Oddly, the latter paper does not seem to be very well known. However, recent work by Peter Grünwald and Philip Dawid extends Topsøe’s game-theoretic viewpoint and develops generalized notions of entropy and divergence for statistical decision problems with arbitrary loss functions:

Peter Grünwald and Philip Dawid, Game theory, maximum entropy, minimum discrepancy and robust Bayesian decision theory, Annals of Statistics, vol. 32, no. 4, pp. 1367-1433, 2004

We describe and develop a close relationship between two problems that have customarily been regarded as distinct: that of maximizing entropy, and that of minimizing worst-case expected loss. Using a formulation grounded in the equilibrium theory of zero-sum games between Decision Maker and Nature, these two problems are shown to be dual to each other, the solution to each providing that to the other. Although Topsøe described this connection for the Shannon entropy over 20 years ago, it does not appear to be widely known even in that important special case.

We here generalize this theory to apply to arbitrary decision problems and loss functions. We indicate how an appropriate generalized definition of entropy can be associated with such a problem, and we show that, subject to certain regularity conditions, the above-mentioned duality continues to apply in this extended context. This simultaneously provides a possible rationale for maximizing entropy and a tool for finding robust Bayes acts. We also describe the essential identity between the problem of maximizing entropy and that of minimizing a related discrepancy or divergence between distributions. This leads to an extension, to arbitrary discrepancies, of a well-known minimax theorem for the case of Kullback–Leibler divergence (the “redundancy-capacity theorem” of information theory).

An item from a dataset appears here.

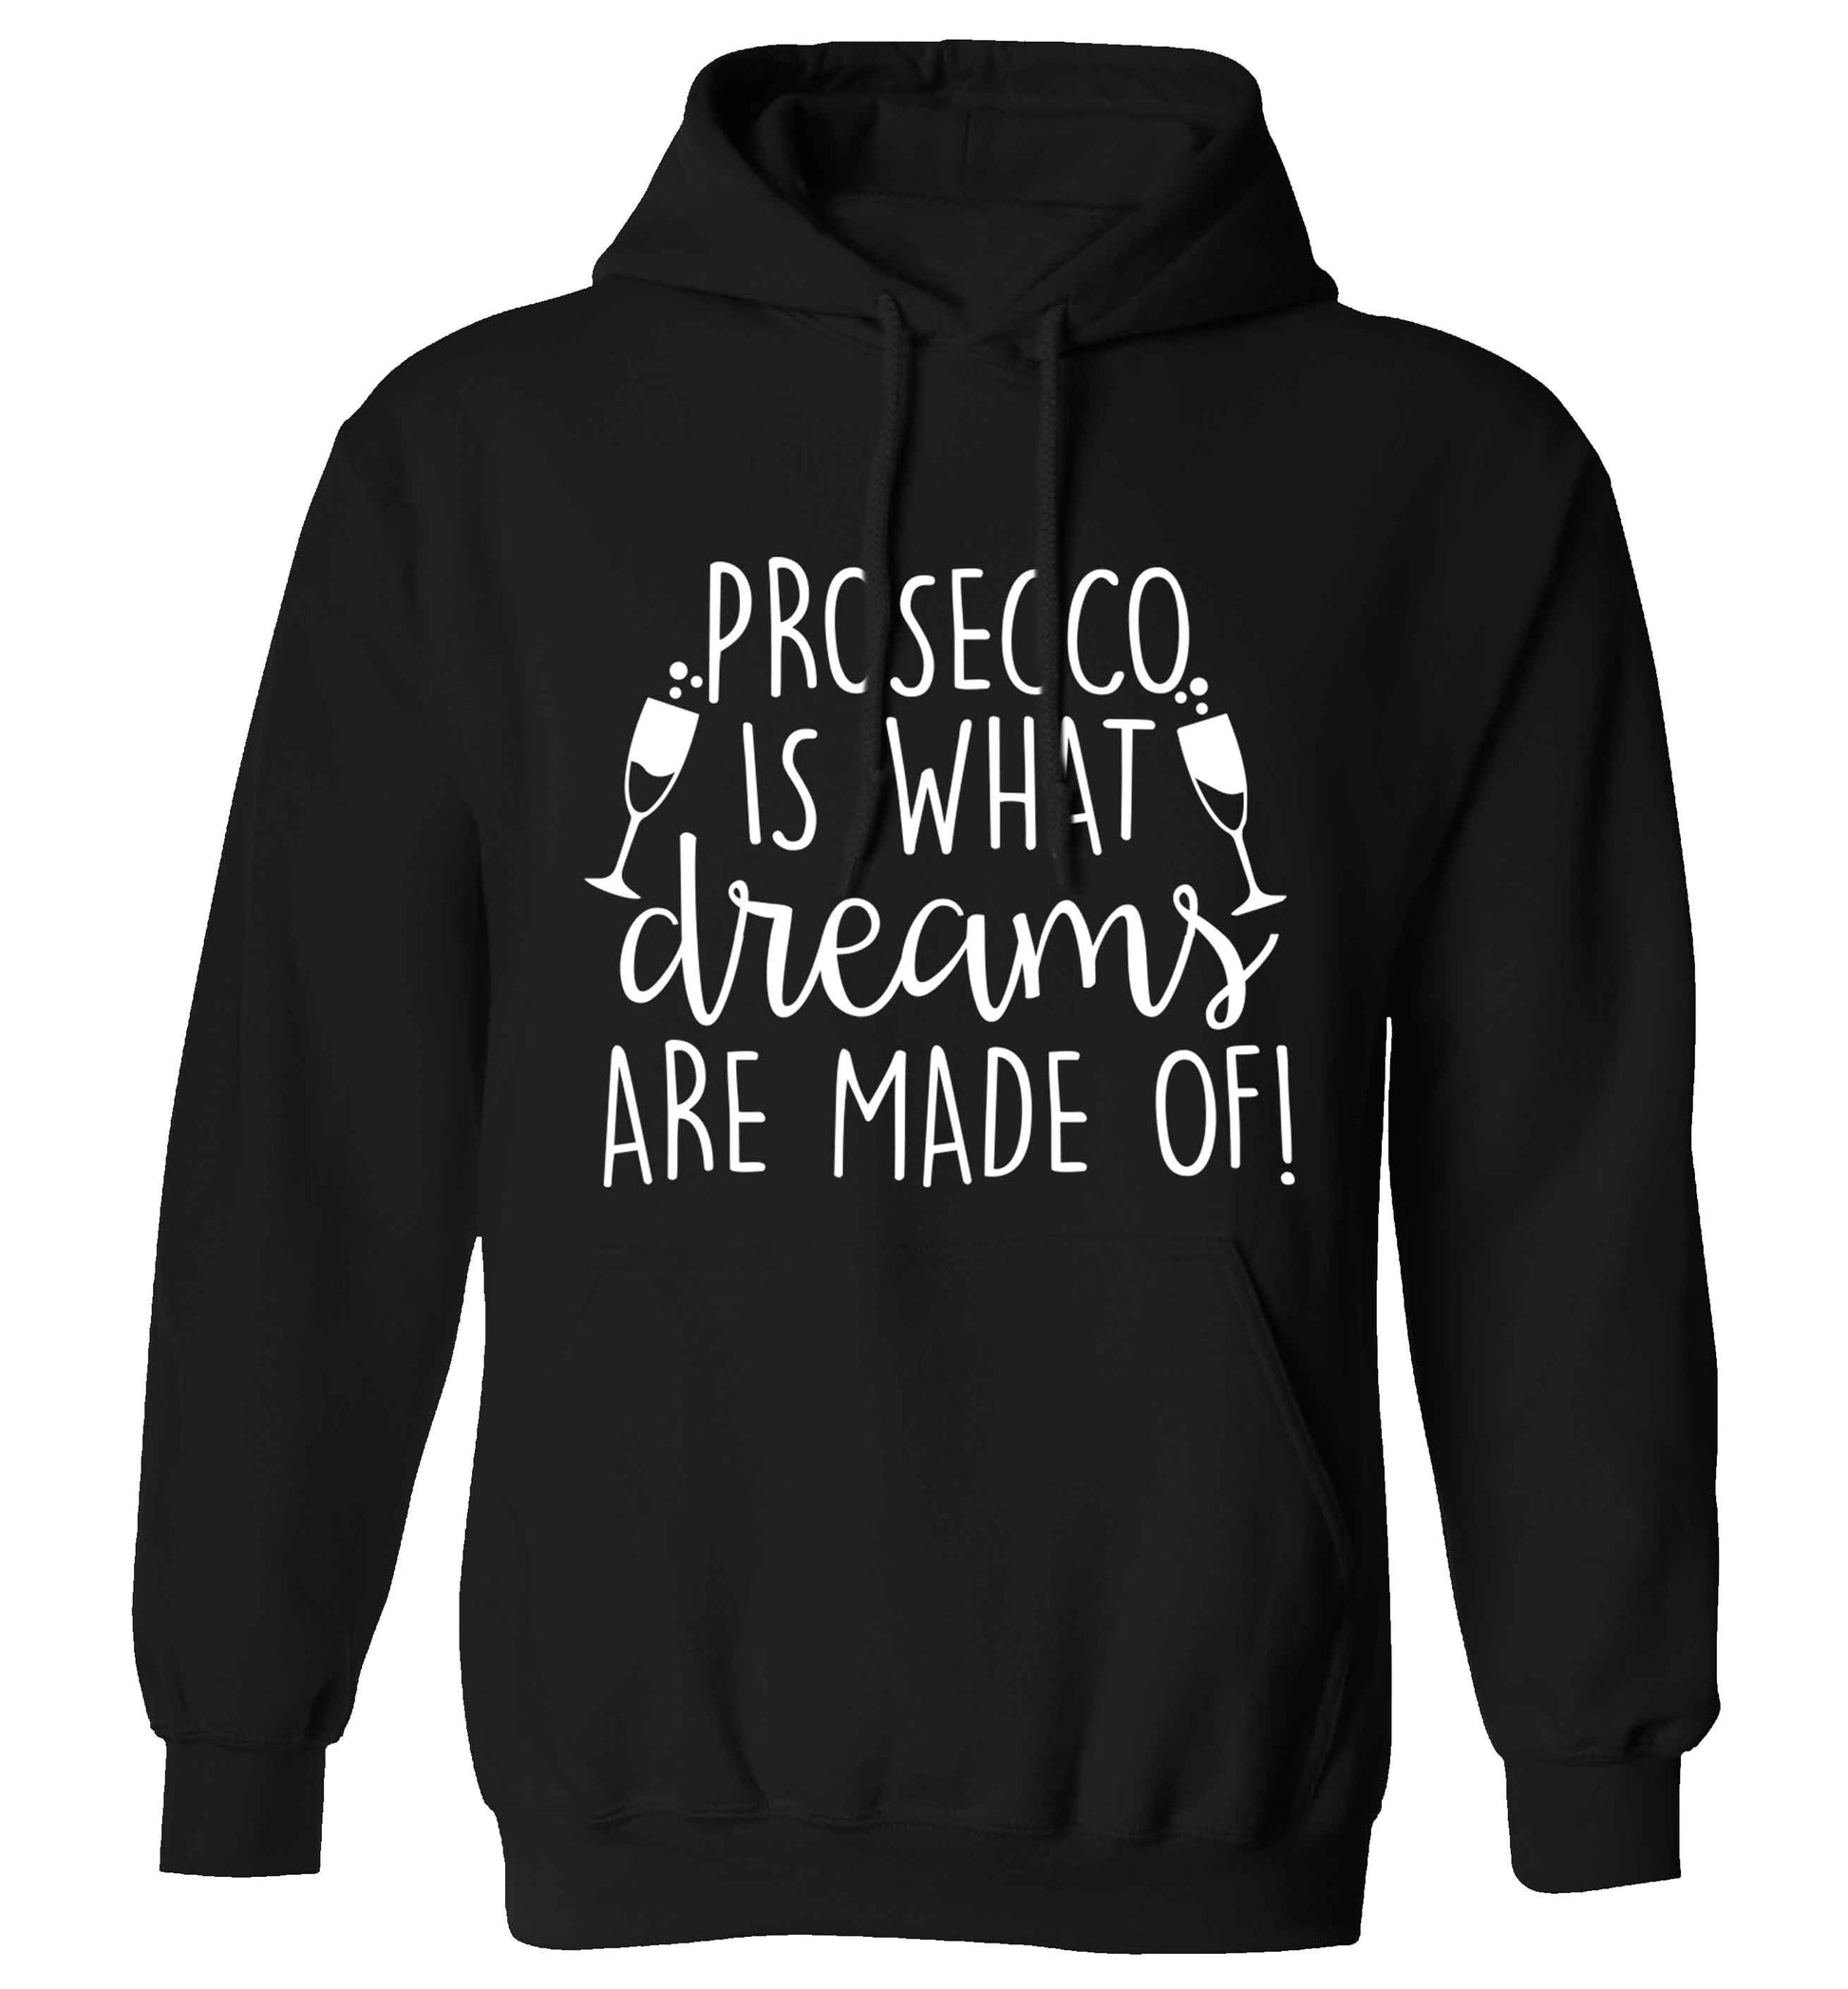 Prosecco is what dreams are made of adults unisex black hoodie 2XL

For the important case of families of distributions having certain mean values specified, we develop simple sufficient conditions and methods for identifying the desired solutions. We use this theory to introduce a new concept of “generalized exponential family” linked to the specific decision problem under consideration, and we demonstrate that this shares many of the properties of standard exponential families.

Finally, we show that the existence of an equilibrium in our game can be rephrased in terms of a “Pythagorean property” of the related divergence, thus generalizing previously announced results for Kullback–Leibler and Bregman divergences.

The actual paper is quite lengthy (over 60 pages of generalized entropy goodness!), but well worth the time.